Signed-off-by: Nitesh Narayan Lal <nilal@redhat.com>
---
drivers/virtio/virtio_balloon.c | 58 +++++++++++++++++++++++++++++++++++++----
include/linux/page_hinting.h | 16 ++++++++++++
virt/kvm/page_hinting.c | 33 ++++++++---------------
3 files changed, 80 insertions(+), 27 deletions(-)
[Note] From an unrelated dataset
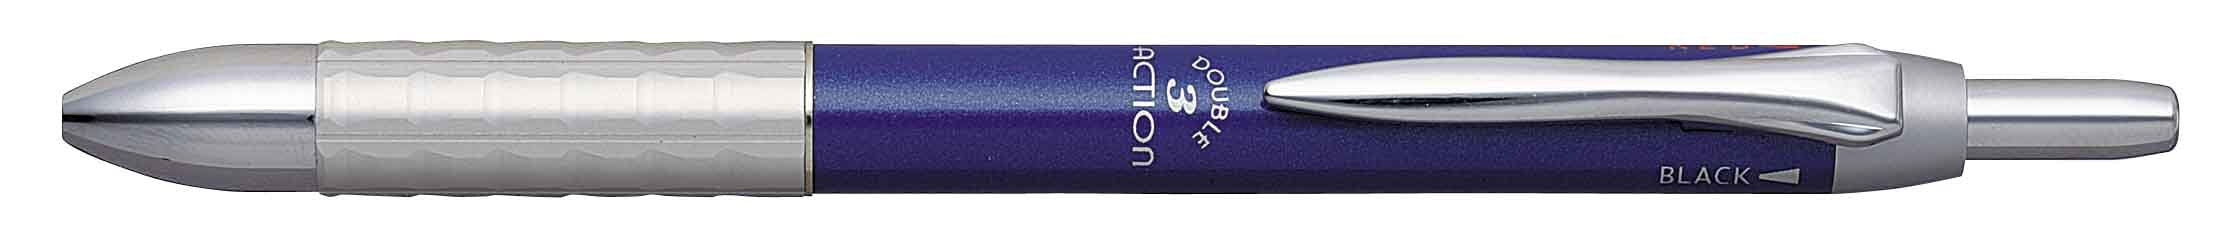 白金多功能鋼筆雙3動藍色機型Mwbk-3000#56
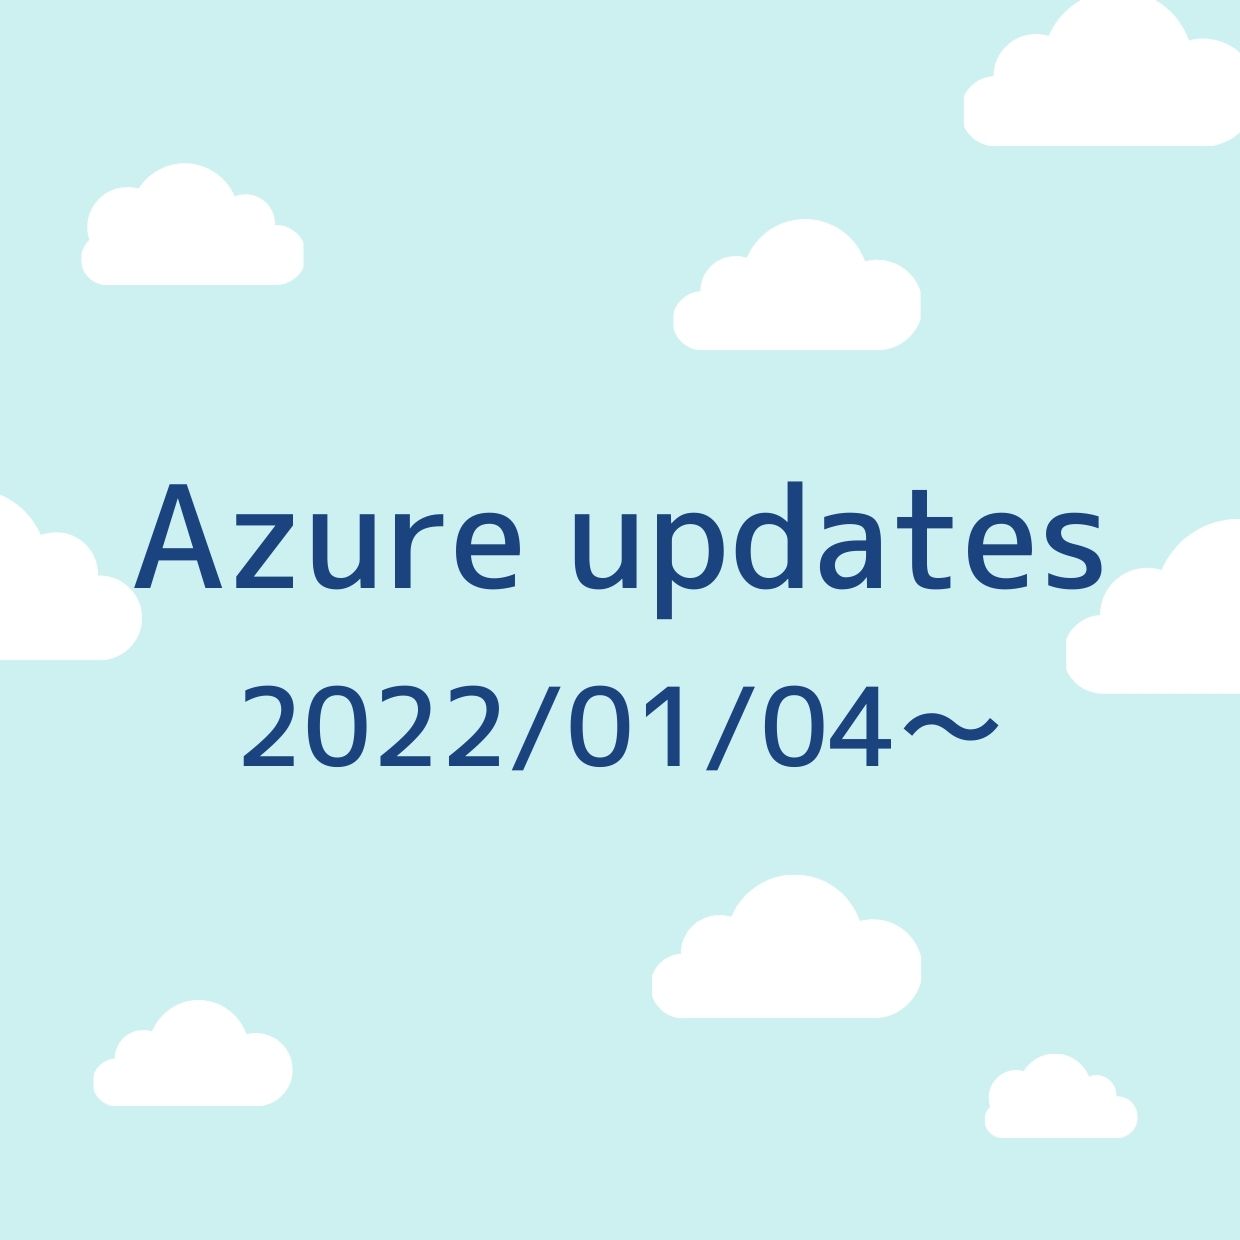 2022/01/04週の Azure updates 日本語速報

create mode 100644 include/linux/page_hinting.h
diff --git a/drivers/virtio/virtio_balloon.c b/drivers/virtio/virtio_balloon.c
index f0b3a0b..0152979 100644
--- a/drivers/virtio/virtio_balloon.c
+++ b/drivers/virtio/virtio_balloon.c
@@ -32,6 +32,7 @@
#include <linux/mm.h>
#include <linux/mount.h>
#include <linux/magic.h>
+#include <linux/page_hinting.h>
/*
* Balloon device works in 4K page units. So each page is pointed to by
@@ -53,7 +54,7 @@ static struct vfsmount *balloon_mnt;
struct virtio_balloon {
struct virtio_device *vdev;
- struct virtqueue *inflate_vq, *deflate_vq, *stats_vq;
+ struct virtqueue *inflate_vq, *deflate_vq, *stats_vq, *hinting_vq;
/* The balloon servicing is delegated to a freezable workqueue. */
struct work_struct update_balloon_stats_work;
@@ -95,6 +96,39 @@ static struct virtio_device_id id_table[] = {
{ 0 },
};
+#ifdef CONFIG_KVM_FREE_PAGE_HINTING
+static void tell_host_one_page(struct virtio_balloon *vb, struct virtqueue *vq,
+ unsigned long pfn)
+{
+ unsigned int id = VIRTQUEUE_DESC_ID_INIT;
+ u64 addr = pfn << VIRTIO_BALLOON_PFN_SHIFT;
+
+ virtqueue_add_chain_desc(vq, addr, PAGE_SIZE, &id, &id, 0);
+ virtqueue_add_chain(vq, id, 0, NULL, (void *)addr, NULL);
+}
+
+void virtballoon_page_hinting(struct virtio_balloon *vb, int hyper_entries)
+{
+ int i = 0;
+
+ for (i = 0; i < hyper_entries; i++) {
+ unsigned long pfn = hypervisor_pagelist[i].pfn;
+ unsigned long pfn_end = hypervisor_pagelist[i].pfn +
+ hypervisor_pagelist[i].pages - 1;
+
+ while (pfn <= pfn_end) {
+ vb->pfns[0] = cpu_to_virtio32(vb->vdev, pfn);
+ vb->num_pfns = 1;
+ tell_host_one_page(vb, vb->hinting_vq,
+ vb->pfns[0]);
+ pfn++;
+ }
+ hypervisor_pagelist[i].pfn = 0;
+ hypervisor_pagelist[i].pages = 0;
+ }
+}
+#endif
+
static u32 page_to_balloon_pfn(struct page *page)
{
unsigned long pfn = page_to_pfn(page);
@@ -111,6 +145,12 @@ static void balloon_ack(struct virtqueue *vq)
wake_up(&vb->acked);
}
+static void hinting_ack(struct virtqueue *vq)
+{
+ struct virtio_balloon *vb = vq->vdev->priv;
+
+ wake_up(&vb->acked);
+}
static void tell_host(struct virtio_balloon *vb, struct virtqueue *vq)
{
struct scatterlist sg;
@@ -404,22 +444,25 @@ static void update_balloon_size_func(struct work_struct *work)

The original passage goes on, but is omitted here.